*** Opening The data ***
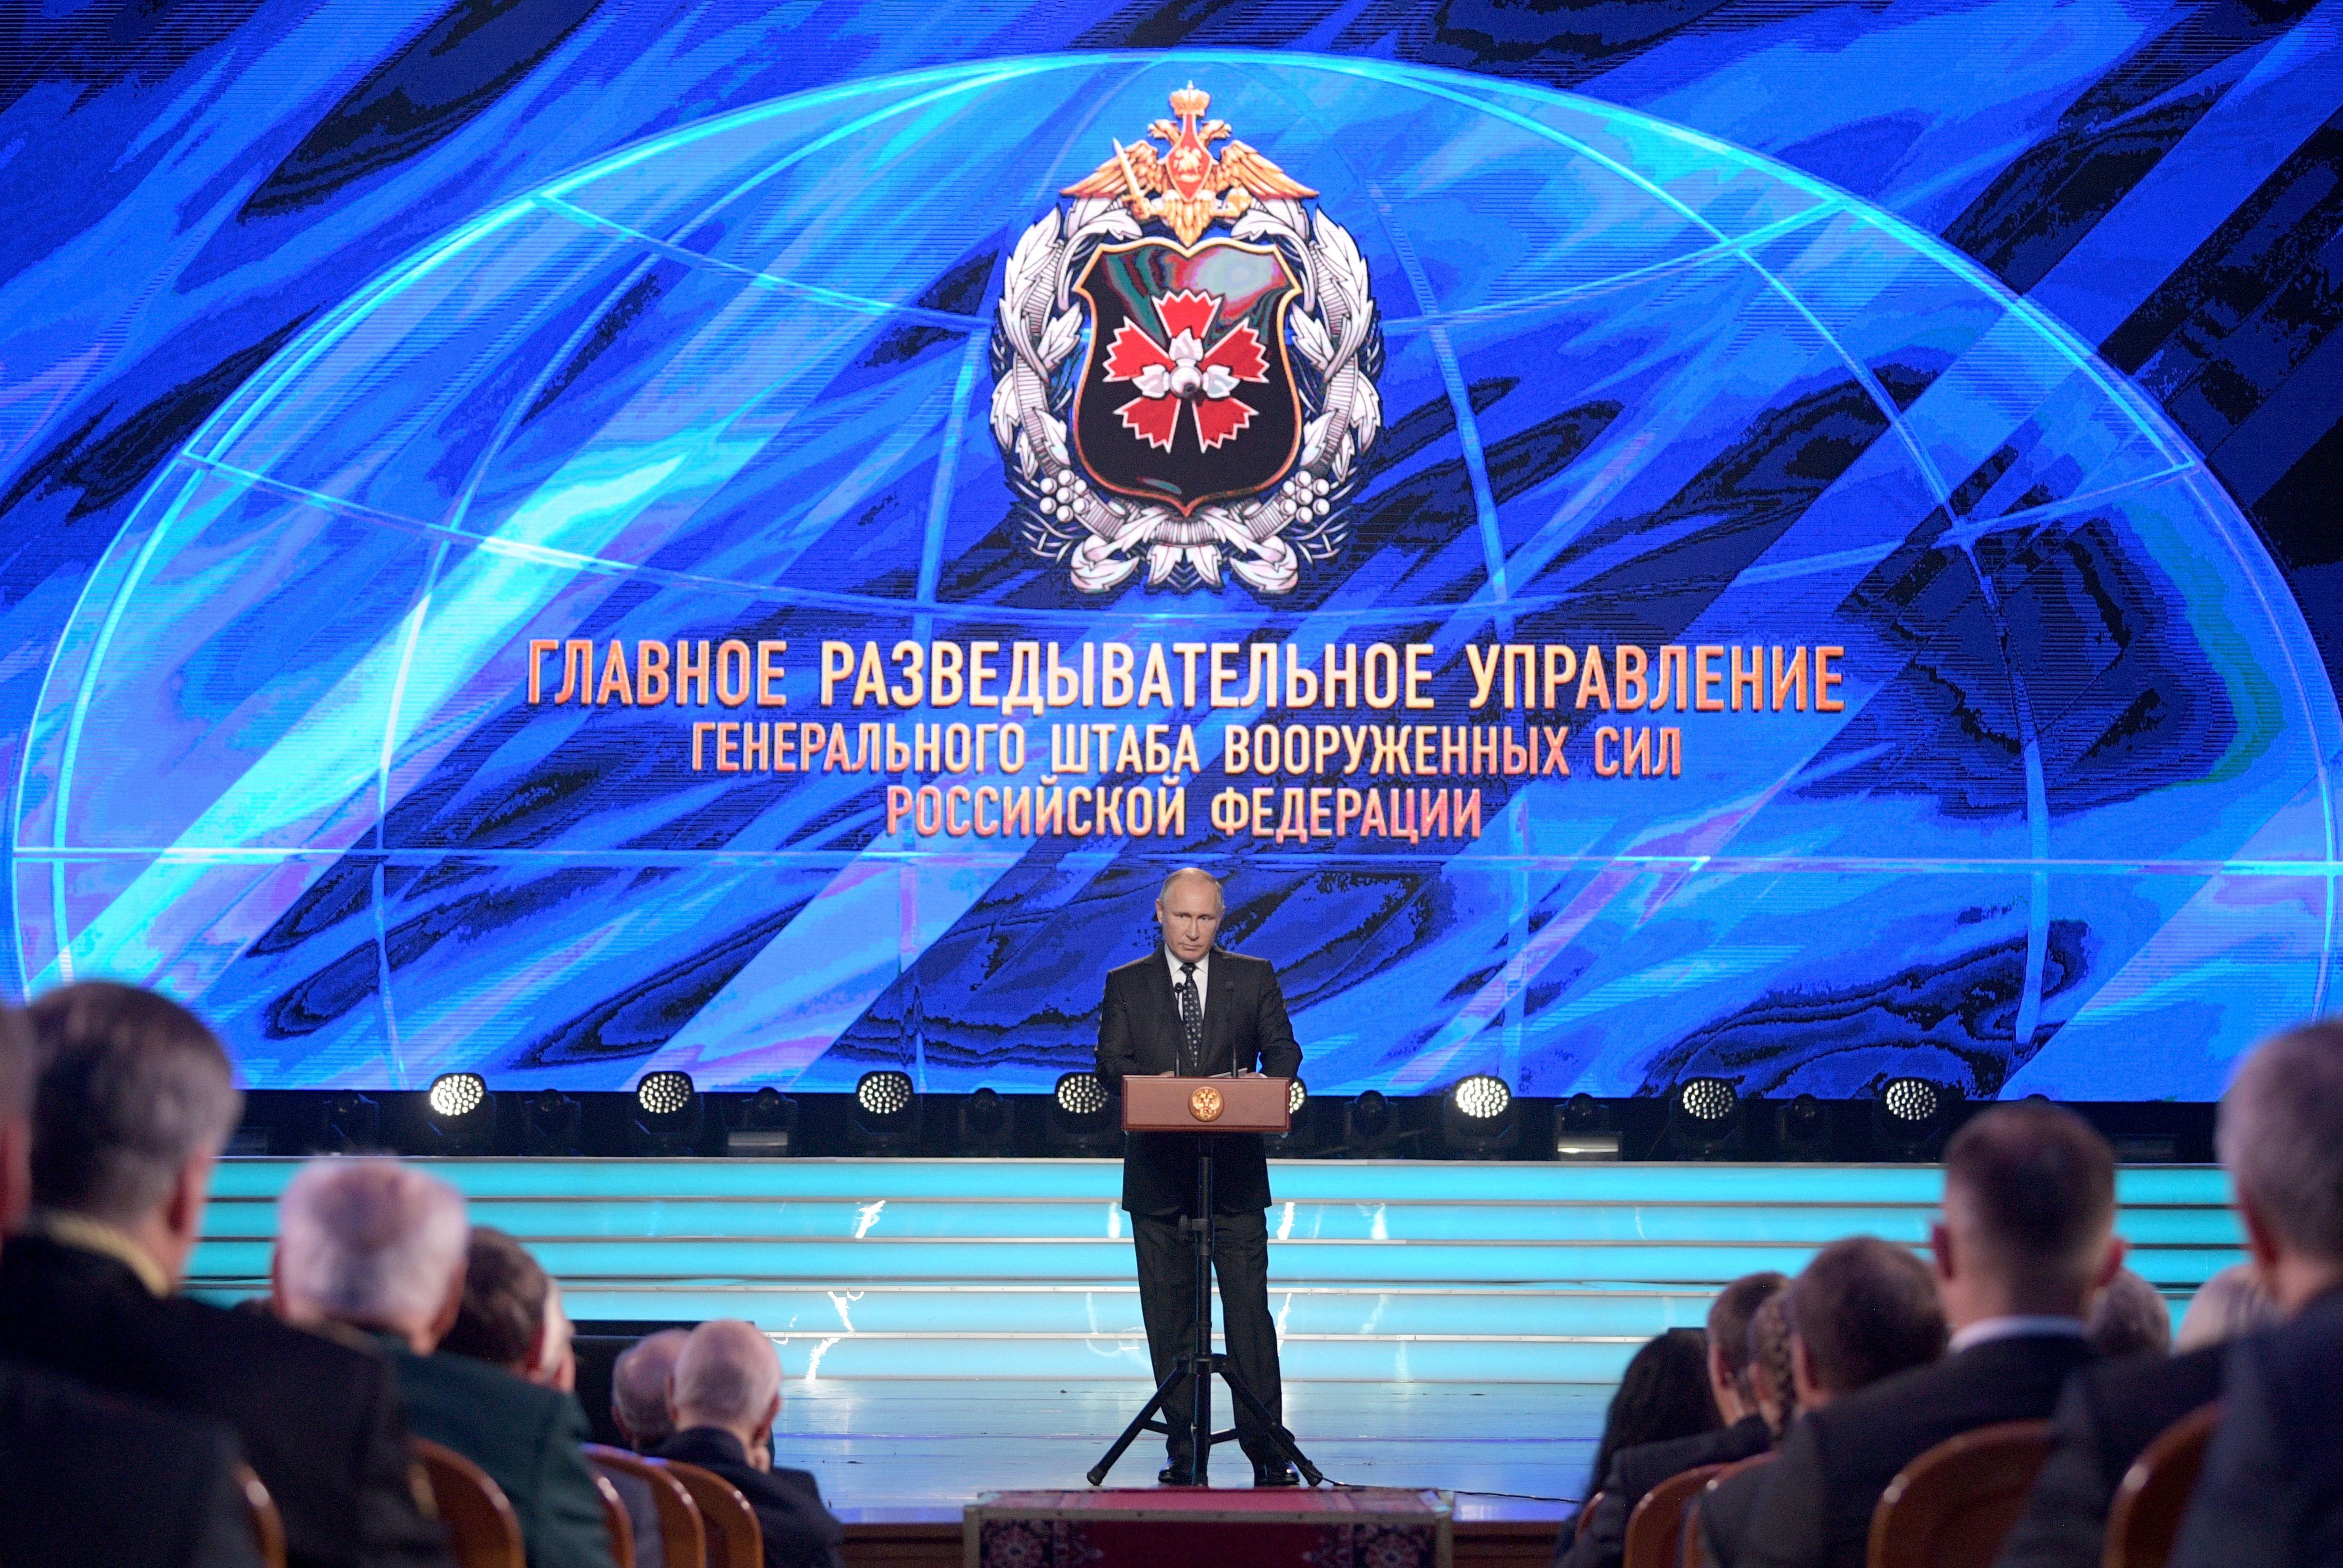 Володимир Путін виступає у Держуправлінні розвідки РФ
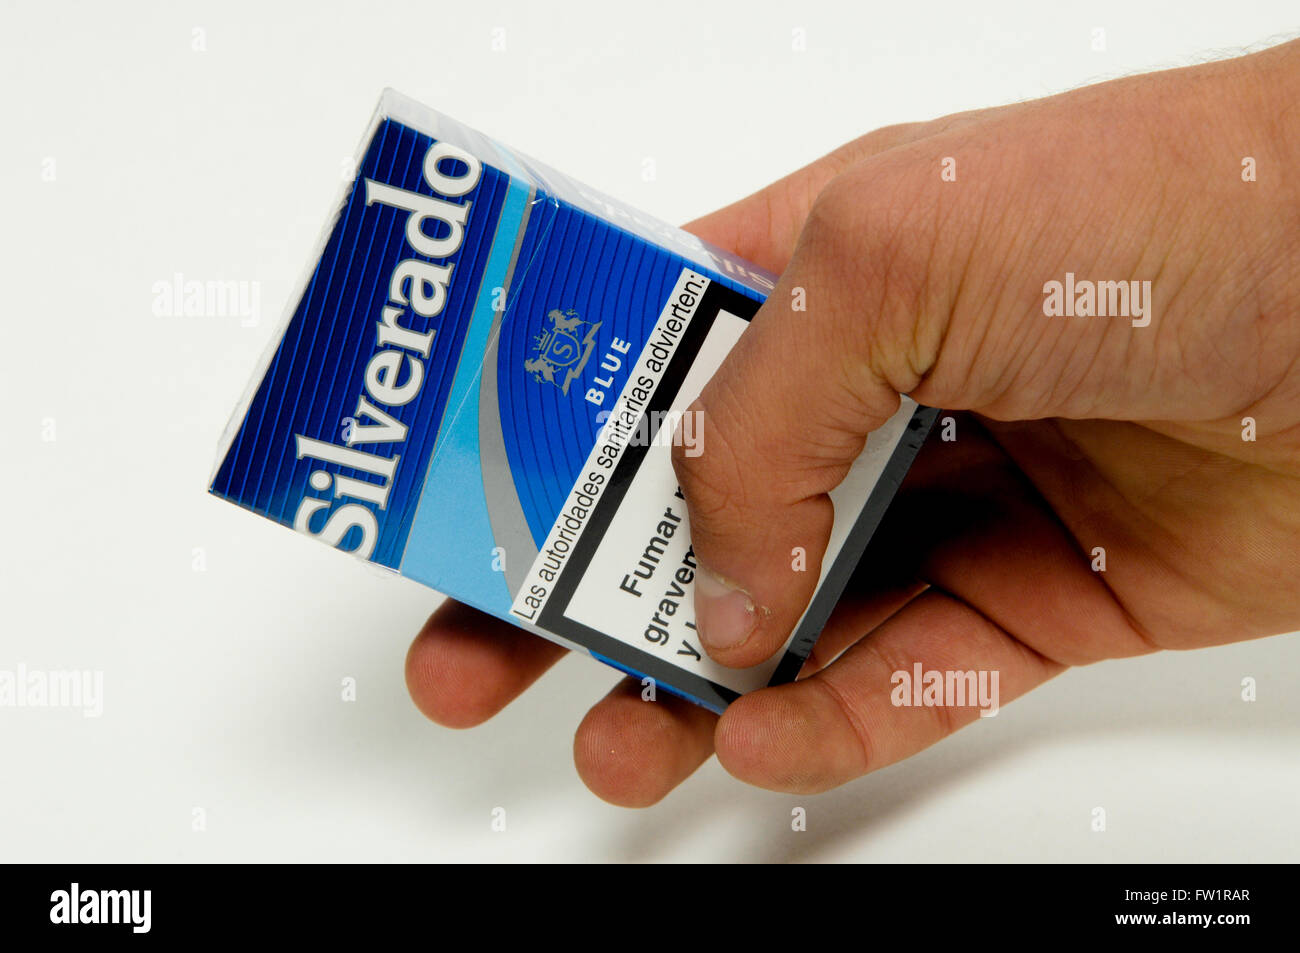 Silverado American Blend Blue Cigarettes Stock Photo
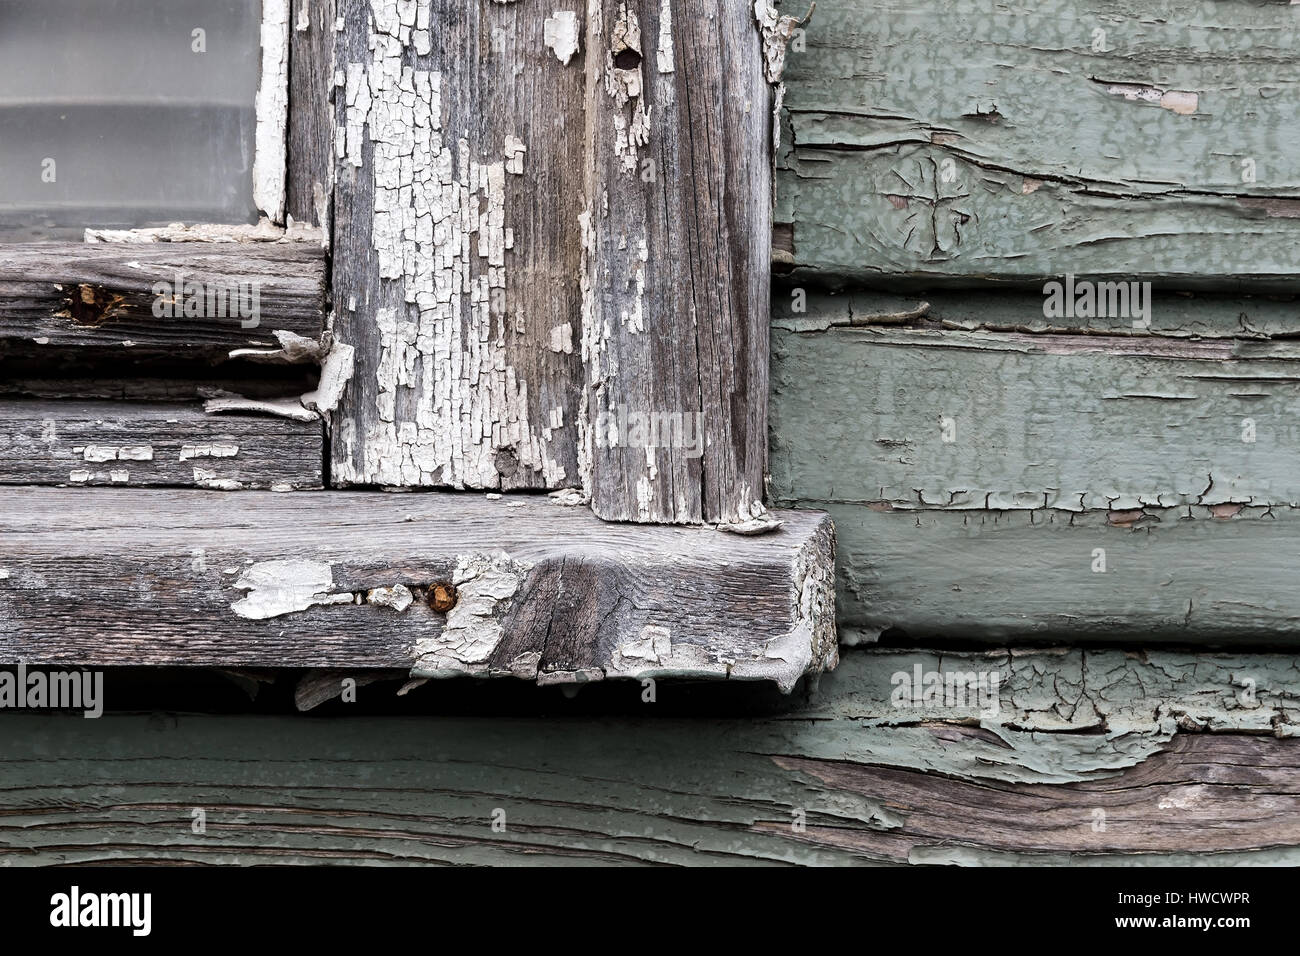 Vieille personne, feuilletée couleur par une fenêtre en bois. Météo, Alte, abgeblätterte Farbe bei einem Holzfenster. Witterung Banque D'Images
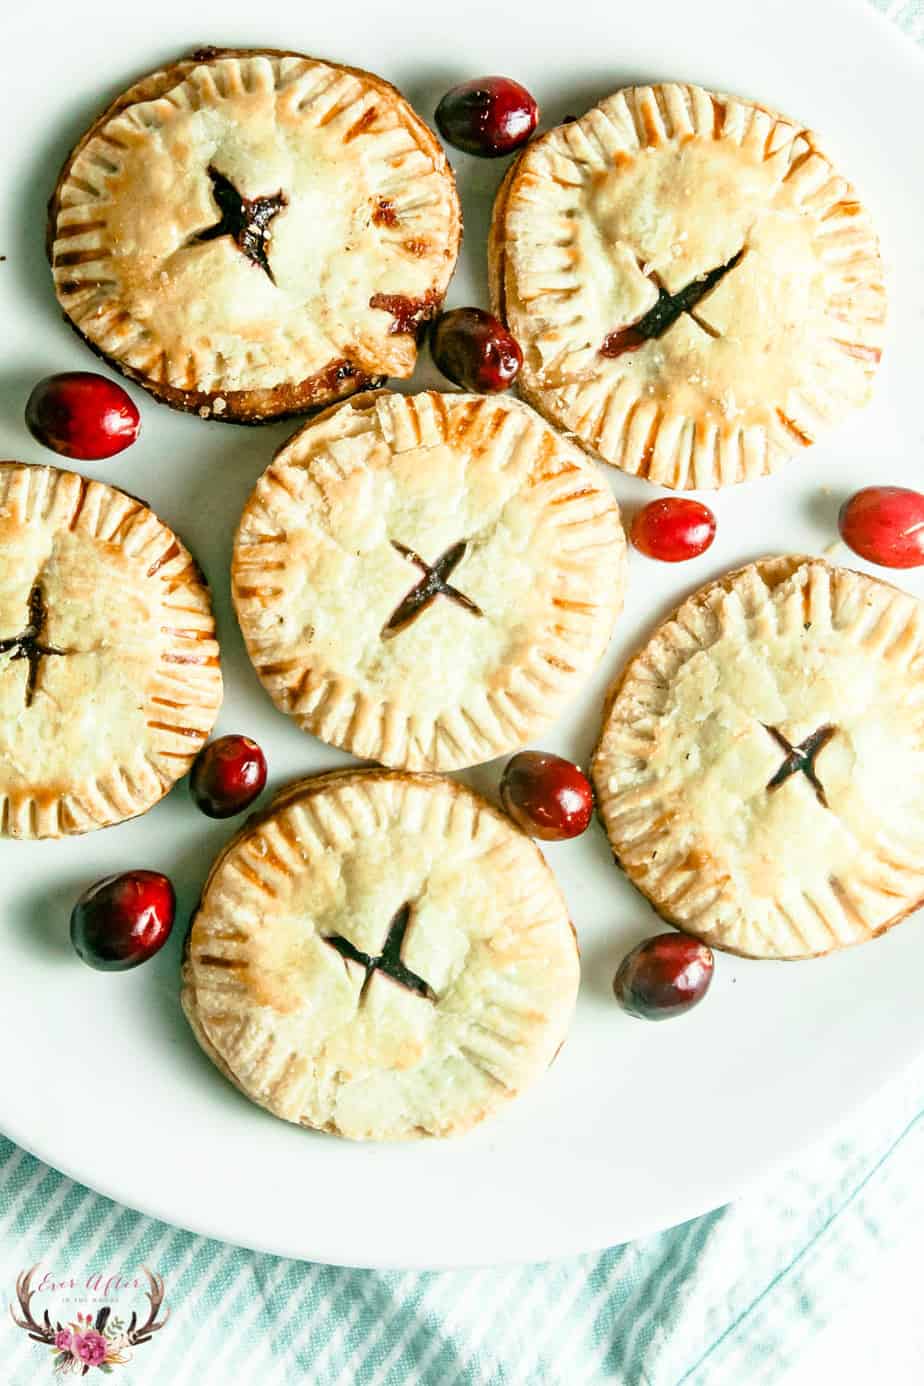 homemade cranberry pop tart | cranberry hand pie | breakfast treat
*** Closing The data ***
- [Work instructions] Could the data above be returned in full, exactly, with every image left out?

- [Task answer]
 Володимир Путін виступає у Держуправлінні розвідки РФ
 Silverado American Blend Blue Cigarettes Stock Photo
 Vieille personne, feuilletée couleur par une fenêtre en bois. Météo, Alte, abgeblätterte Farbe bei einem Holzfenster. Witterung Banque D'Images
 homemade cranberry pop tart | cranberry hand pie | breakfast treat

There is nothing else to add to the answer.